Hausmitteilung Bundestagswahl / Bundestagswahl / Bundestagswahl

Brüderle, Rösler
Foto: HC PLAMBECK / DER SPIEGELSo langweilig das Rennen, so spannend das Finale. Die Wahl zum 18. Deutschen Bundestag zeichnete sich am Ende durch Überraschungen und Rekorde aus: Die FDP fiel auf ein historisches Tief - und aus dem Bundestag -, die Union erhielt so viele Stimmen wie seit 1990 nicht mehr. Die Euro-Gegner von der AfD, erst im Frühjahr gegründet, beeinflussten den Urnengang stärker als je eine junge Partei zuvor, und die Piraten erlitten Schiffbruch trotz einer öffentlichen Konjunktur ihrer Themen. Nie zuvor entfielen zudem so viele Stimmen (15,7 Prozent) auf Gruppierungen, die den Sprung in den Bundestag schließlich nicht schafften (zum Artikel ).
Für diese Ausgabe des SPIEGEL, die im Zeichen der Bundestagswahl 2013 steht, waren rund 50 SPIEGEL-Journalisten unterwegs, um Sieger und Verlierer zu treffen und um zu ergründen, wie und von wem die Republik denn nun in den kommenden vier Jahren regiert werden soll. Richtig glückliche Gesichter gab es am Sonntagabend vor allem in der CDU-Zentrale, wo jubelnde Jugendliche in orangefarbenen T-Shirts »Angie«-Sprechchöre anstimmten und Deutschlandfähnchen schwenkten, als die alte und neue Kanzlerin die Bühne betrat. Im Willy-Brandt-Haus hingegen, wo die SPIEGEL-Redakteure Horand Knaup, Barbara Schmid und Gordon Repinski den Sozialdemokraten beim Verlieren zuschauten, saß der Frust tief. In Peer Steinbrücks Büro sah man Tränen fließen, und auf den Fluren machte unter den Gegnern einer Großen Koalition bereits das Wort von der »Schwarzen Witwe« Merkel die Runde, die ihre politischen Partner umzubringen pflege - 2009 die SPD, 2013 die FDP. Melanie Amann wiederum erlebte auf der Wahlparty der AfD, wie die Stimmung innerhalb einer Stunde von Euphorie zu bitterer Enttäuschung kippte. Nur 0,3 Prozent trennten die Anti-Euro-Partei vom Einzug in den Bundestag. »Einen halben Meter vor der Ziellinie zu stürzen«, sagte Bundesvorstand Konrad Adam zur SPIEGEL-Redakteurin, »das ist viel schmerzhafter, als 50 Meter davor zu scheitern« (zum Artikel ).
Vier weitere Jahre Merkelismus also: Einer, der sich darob überraschenderweise unglücklich zeigt, ist der konservative Pädagoge Bernhard Bueb, langjähriger Leiter des Internats Schloss Salem und gern als »strengster Lehrer Deutschlands« bezeichnet.

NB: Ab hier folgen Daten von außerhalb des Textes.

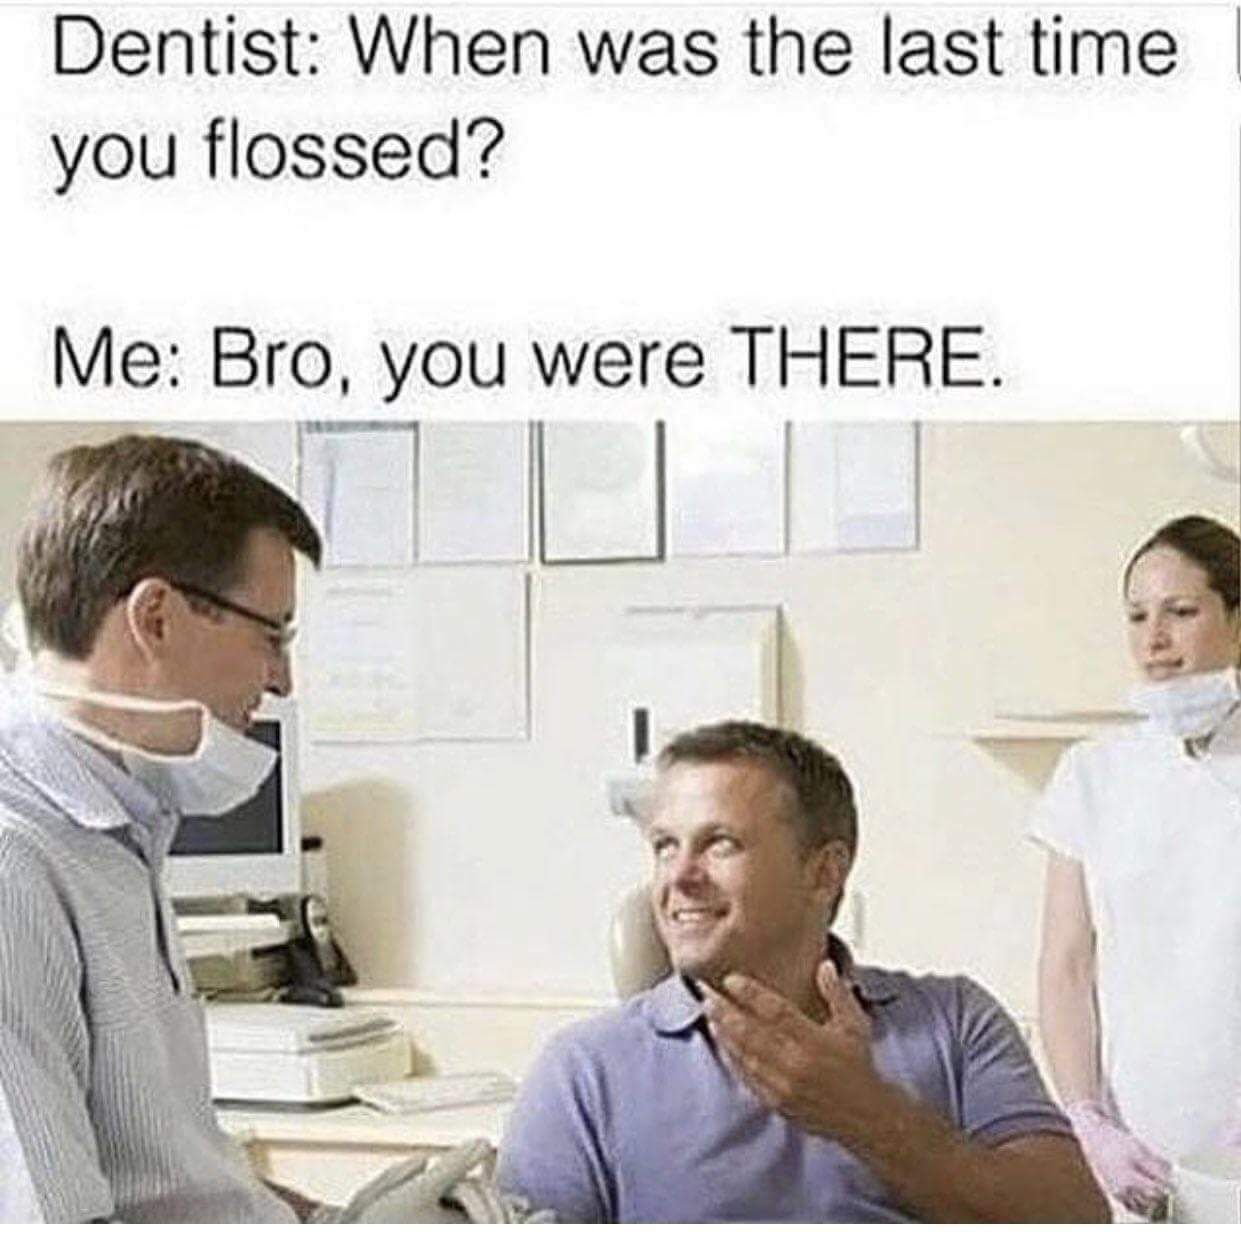 My next conversation at the dentist...

Im Gespräch mit den SPIEGEL-Redakteuren Katja Thimm und Alfred Weinzierl spricht Bueb weiten Teilen der Politik Merkels jene Tugenden ab, die Thema seines neuen Buches sind: Ehrlichkeit und Wahrhaftigkeit. Merkel sei eine Meisterin des Uneindeutigen und des Ungefähren, und auch dies sei eine Form der Lüge. Thimm fiel beim Gespräch auf, »wie schwer es Bueb fiel, sich von seinem positiven, alten Merkel-Bild zu verabschieden« (zum Artikel ).